Computational Biology |
Pseudocounts for transcription factor binding sites
1Department of Medical Genome Sciences, Graduate School of Frontier Sciences, University of Tokyo, 5-1-5 Kashiwanoha, Kashiwa, Chiba 277-8562, 2Computational Biology Research Center, Institute for Advanced Industrial Science and Technology, Tokyo 135-0064, 3Human Genome Center, Institute of Medical Science, University of Tokyo, 4-6-1 Shirokanedai, Minato-ku, Tokyo 108-8639 and 4Institute for Bioinformatics Research and Development (BIRD), Japan Science and Technology Agency (JST), 5-3 Yonbancho, Chiyoda-ku, Tokyo 1002-0081, Japan
*To whom correspondence should be addressed. Tel: +81 3 5449 5131; Fax: +81 3 5449 5133; Email: knakai{at}ims.u-tokyo.ac.jp
Received September 24, 2008. Revised November 12, 2008. Accepted December 5, 2008.

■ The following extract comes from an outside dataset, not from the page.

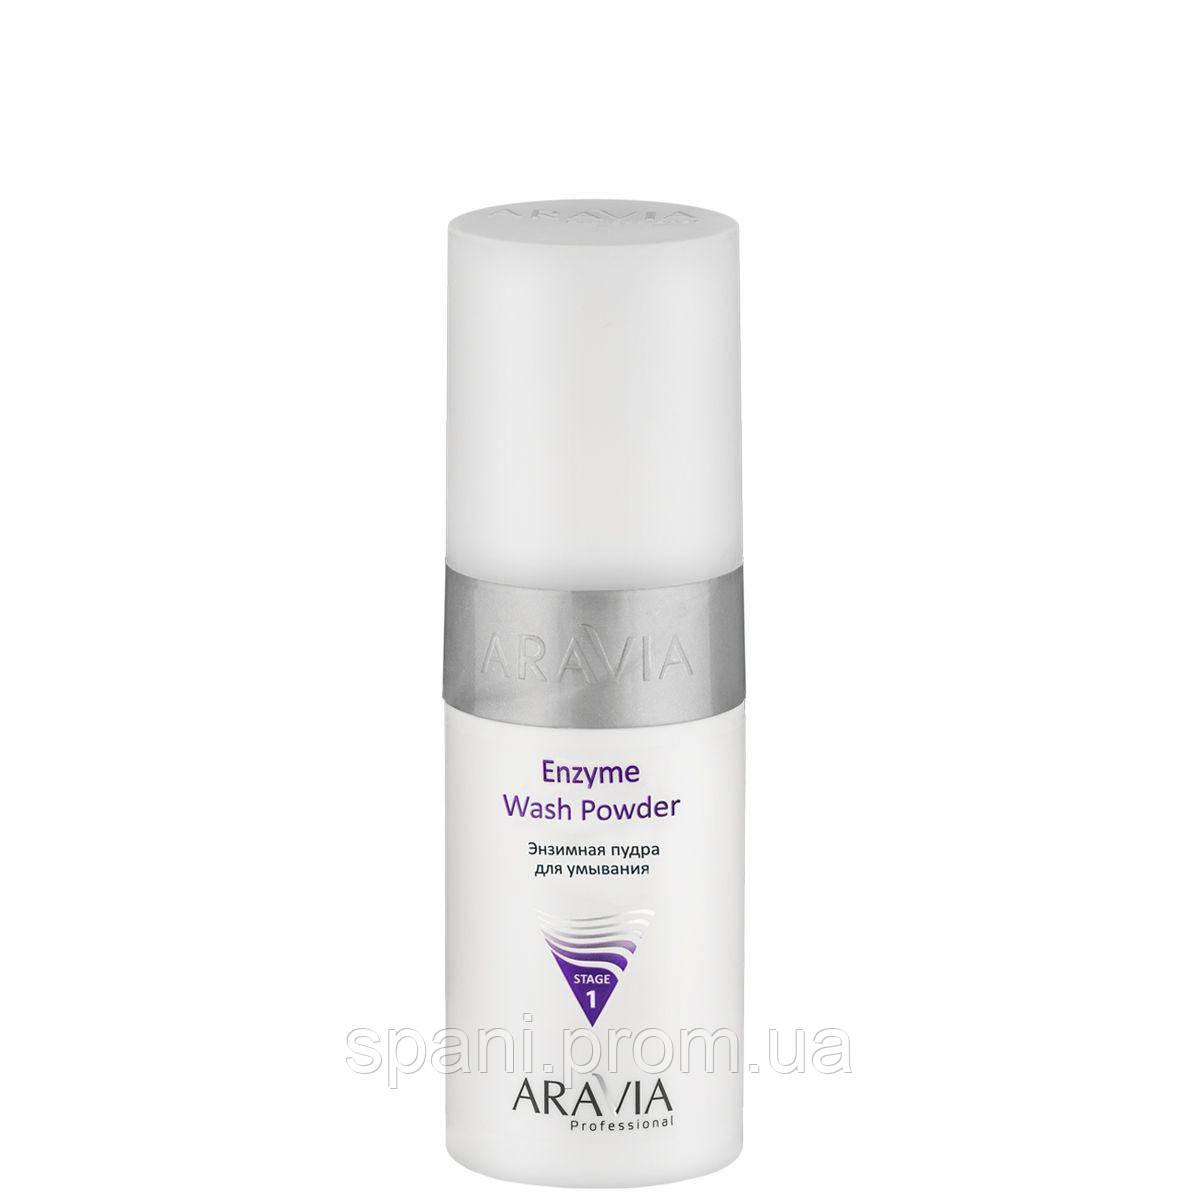 """""""ARAVIA Professional"""" Пудра энзимная для умывания Enzyme Wash Powder, 150 мл."""

To represent the sequence specificity of transcription factors, the position weight matrix (PWM) is widely used. In most cases, each element is defined as a log likelihood ratio of a base appearing at a certain position, which is estimated from a finite number of known binding sites. To avoid bias due to this small sample size, a certain numeric value, called a pseudocount, is usually allocated for each position, and its fraction according to the background base composition is added to each element. So far, there has been no consensus on the optimal pseudocount value. In this study, we simulated the sampling process by artificially generating binding sites based on observed nucleotide frequencies in a public PWM database, and then the generated matrix with an added pseudocount value was compared to the original frequency matrix using various measures. Although the results were somewhat different between measures, in many cases, we could find an optimal pseudocount value for each matrix. These optimal values are independent of the sample size and are clearly correlated with the entropy of the original matrices, meaning that larger pseudocount vales are preferable for less conserved binding sites. As a simple representative, we suggest the value of 0.8 for practical uses.